海風の心地よい客室でウトウトしていれば時刻はあっという間に夕食。海の幸を美味しく頂き、地方テレビ局のローカル番組を眺めていれば大体このタイミングでお誘いが掛かる。父は大の風呂好きで、日曜ともなれば朝晩と2度も湯船に浸かるほどだ。満腹のお腹をさすりながら応え、父に続く。
「お前も二十歳になったから、後でラウンジに行くぞ。」
階下への道すがら、施設案内の掲示を見ながら父が言う。
「いつものアイスココアで良いよ」
「・・・バーカ、せっかく二十歳になったんだろ?飲み方くらい知っとけ。

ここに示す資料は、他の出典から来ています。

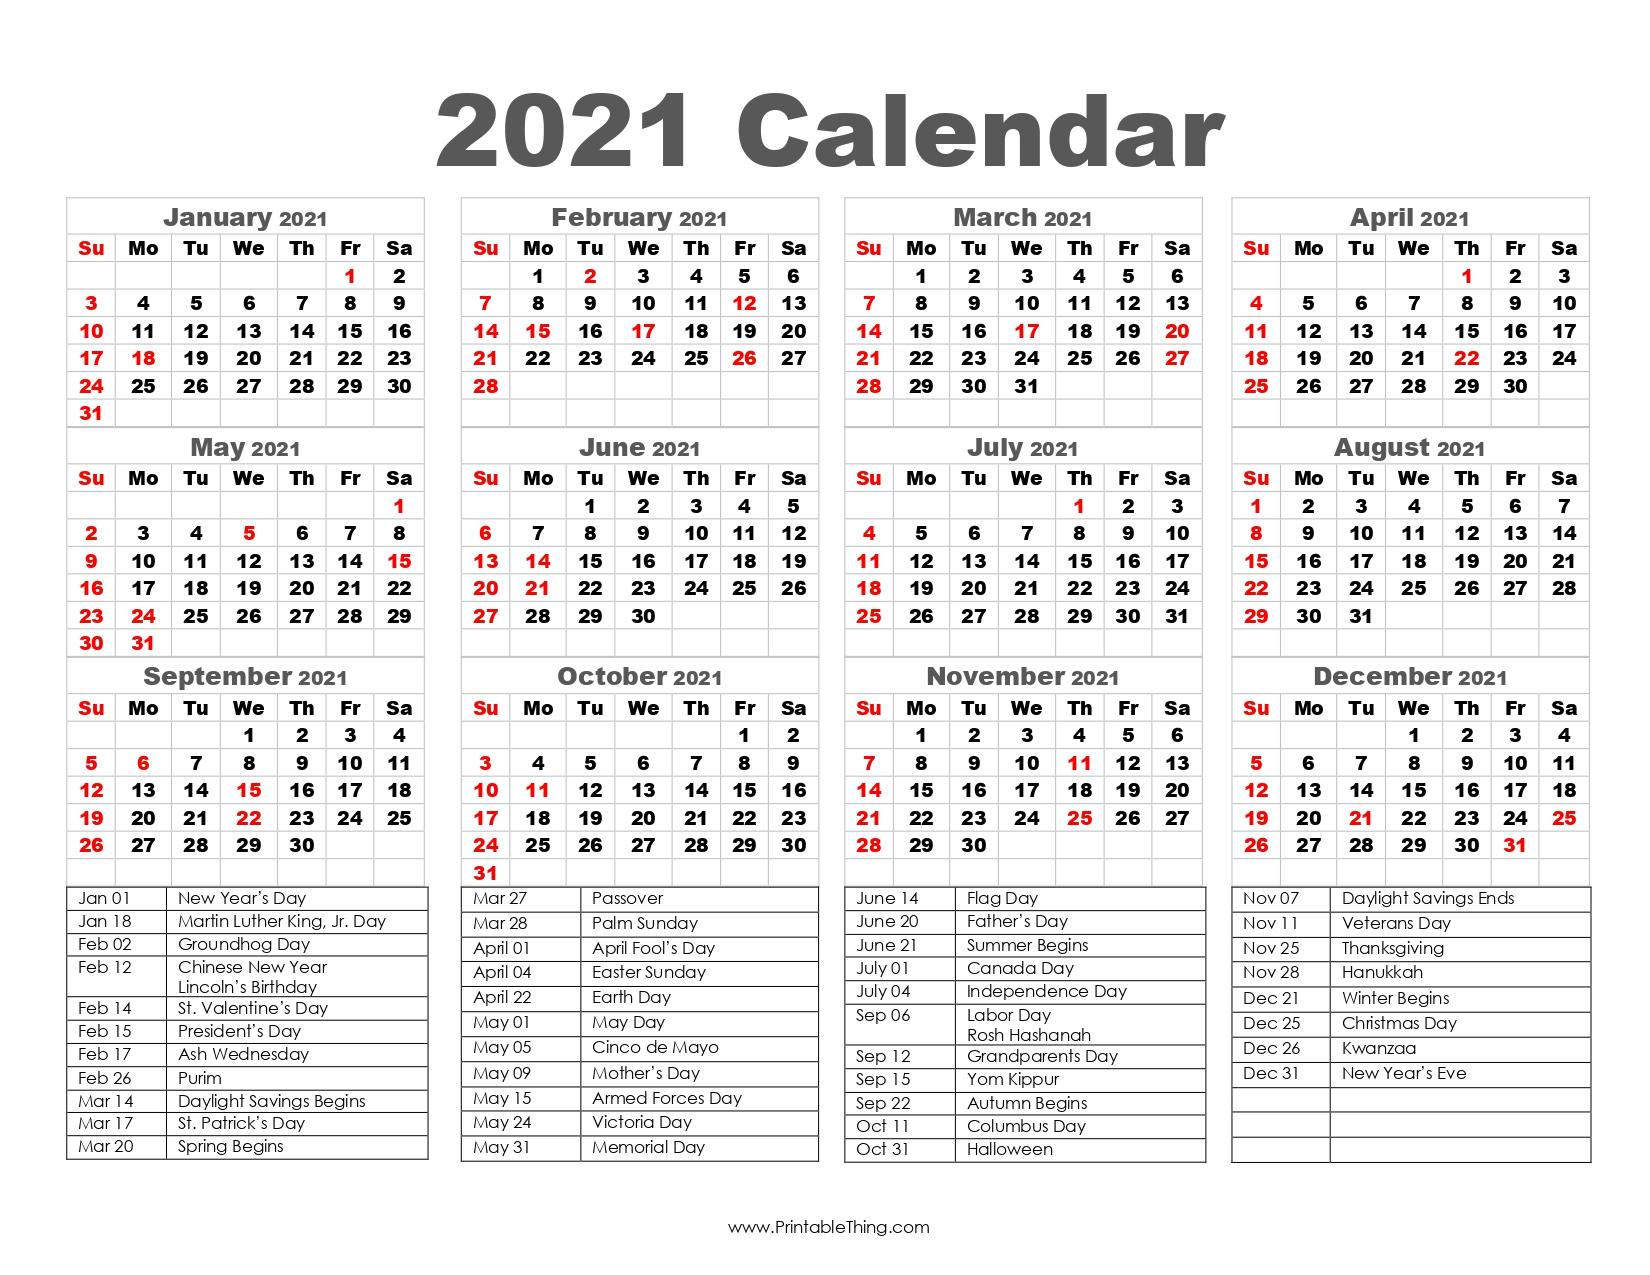 2021 Calendar Printable One Page, 2021 Calendar Printable PDF

」
昔から父は面と向かって話すことはしない。厳密には、道徳的に良くないこと、筋の通らないことを叱る時。人生において大事なことを伝える時にしか目を合わせて会話することはない。それは江戸っ子として産まれた父のある種のルールみたいなもので、父と目を合わせるということは私にとっても重要なシーンであり、緊張を要する場面なのだ。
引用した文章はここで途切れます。